Home / News / Strategy / The easiest partial of the Olympics is the race itself, according to a sports psychologist

The easiest partial of the Olympics is the race itself, according to a sports psychologist


US curling olympics
Becca
Hamilton, an American curler, pictured.

Ronald Martinez/Getty Images

  • Kristin Keim is a sports clergyman who has trained
    Olympic athletes.
  • She says the race is mostly the easiest partial of the
    Olympics, given athletes can balance out distractions and just
    do what they love.
  • Athletes who have a larger reason for competing — and
    who don’t just concentration on winning — may be more
    successful.

As athletes from all over the universe intersect on Pyeongchang this
week for the Winter
Olympics, the city will be abuzz with shaken energy. The
only time the competitors may get a slight postpone from their
anxiety? During the race.

That’s according to Kristin Keim, a
sports clergyman who’s lerned Olympic athletes and who used
to be a rival cyclist.

“Once the gun goes off for an contestant to go in the race, it’s
like then they’re just free,” Keim told Business Insider.

“They’re not having to understanding with media; they’re not having to
understanding with anything else. It’s just them doing what they trained
given they were kids to do. And they’re in control; they’re in
the driver’s seat.”

That is to say, the race itself is the one time the contestant can
be “in the zone,” if you will, but getting dreaming by
fears or worries or critique from themselves or others.

Importantly, getting in the section means not focusing on the
outcome of the race, which can potentially be distracting.

Having a reason for competing — other than winning — can be
helpful

Writing in HuffPost, sports clergyman JoAnn Dahlkoetter
quotes Olympic decathlon champion Dan O’Brien: “I remember one
lane meet in Europe when all was going perfectly. we was
about to do my final try on the high jump. As the audience
started clapping, we thought, if we make this jump, we can win this
thing. That was a big mistake. As shortly as we focused on getting
that medal, we just fell apart.”

Dahlkoetter writes about adopting a “process focus,” definition you
combine on the charge at hand, zeroing in on your exhale or
your pace, for instance (consider it a moving meditation).

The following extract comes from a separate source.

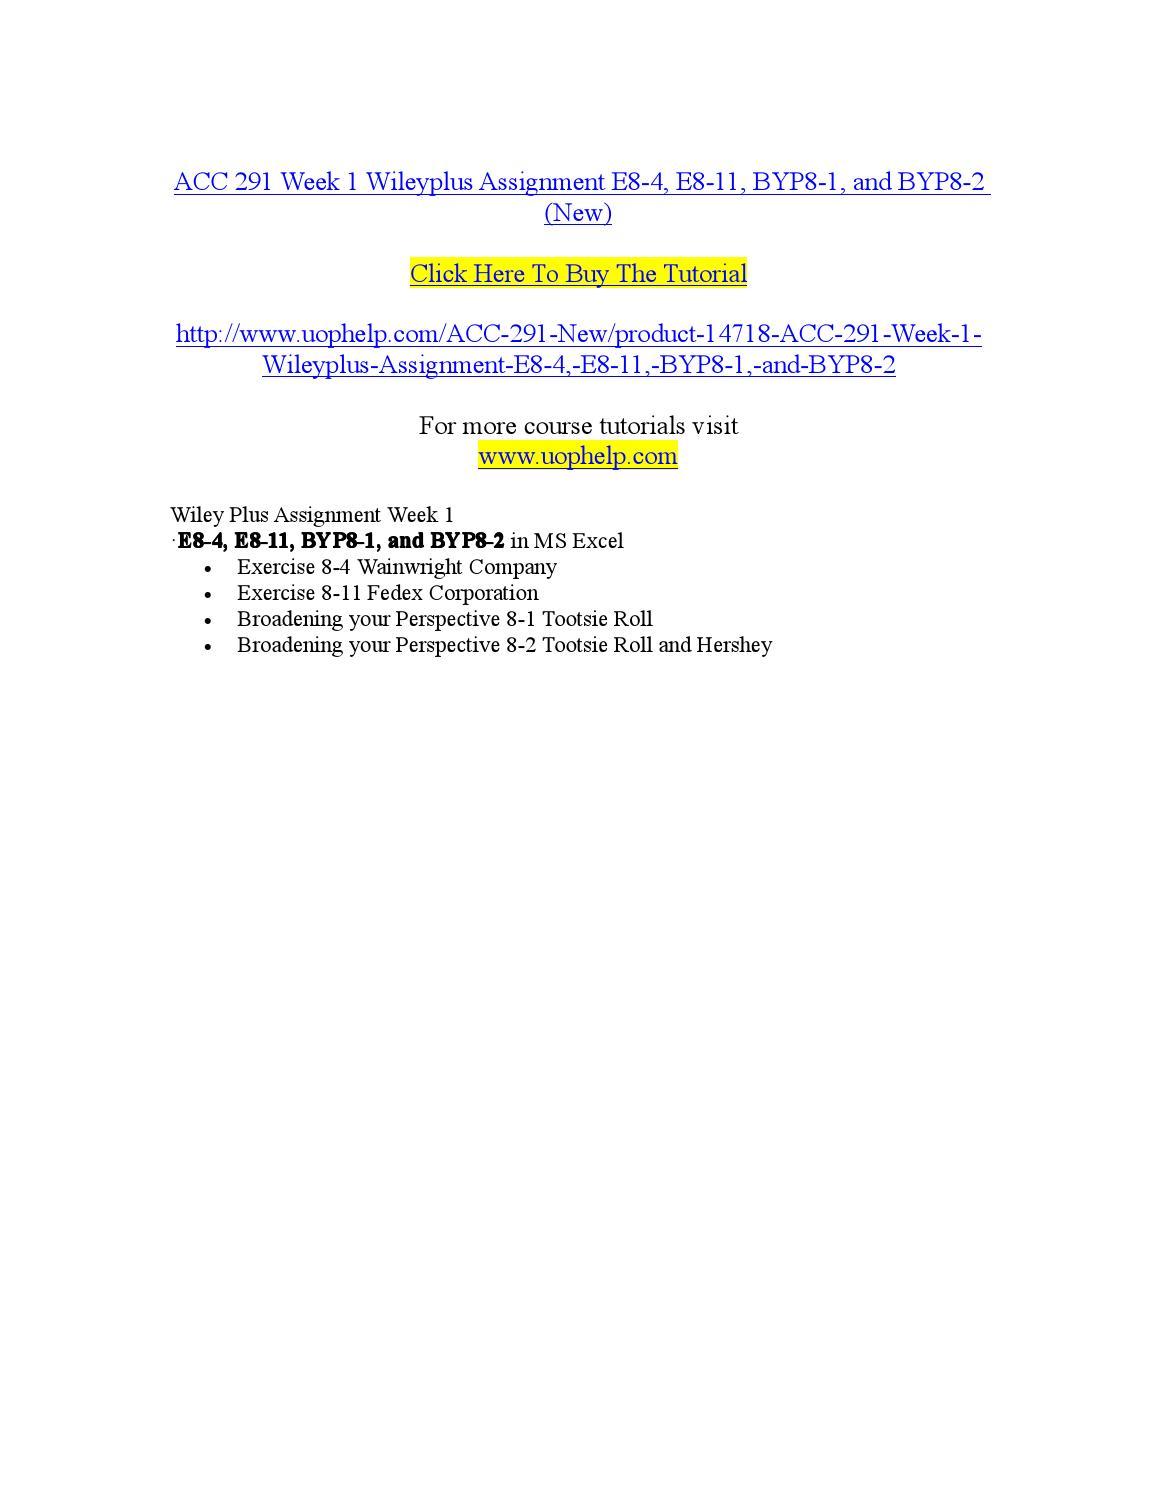 wiley acc 291 week 5 e13 8 Body preview (15 words) your xxx 291 xxxx 5 wiley xxxx assignment is attached xxxxxx xxxxxxx xx xxx xxx queries,thanks file1docx preview (611 words.
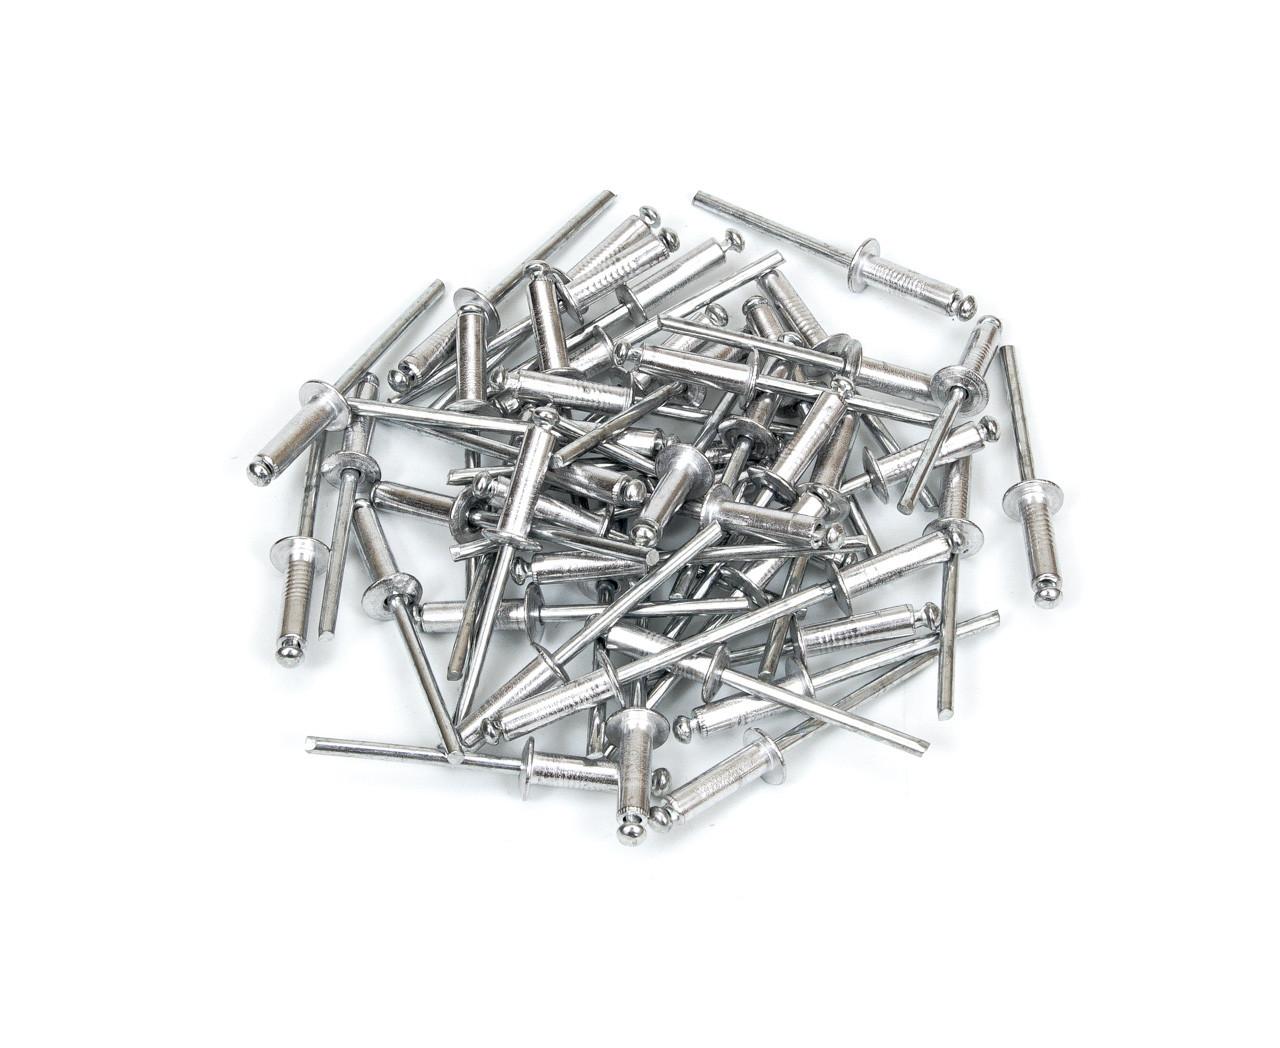 Заклепки алюминиевые Polax 4,8 х 8 мм 50 шт. (37-015)

Keim pronounced having a “why” — or a reason for competing in the first
place — can help athletes conflict the enticement to consider about
winning or losing. Your “why” should comparison being crowned
champion (in fact, Keim pronounced she mostly assigns her clients to
review the existential classic, “Man’s
Search for Meaning,” by Viktor Frankl.)

When Keim was a rival cyclist, it was about getting better
— cycling just a little bit faster — every day. She pronounced many of
her clients, including Megan Guarnier, a cyclist who competed in
the Summer Olympics 2016, have the same “why.”

“The race is the easiest part,” Keim reiterated, “if you just
know your since and if you trust the routine and if you see this as
a journey. It’s not just about the outcome of making the Olympic
group or the Olympic bullion award — given that won’t make you
happy if you didn’t enjoy the process.”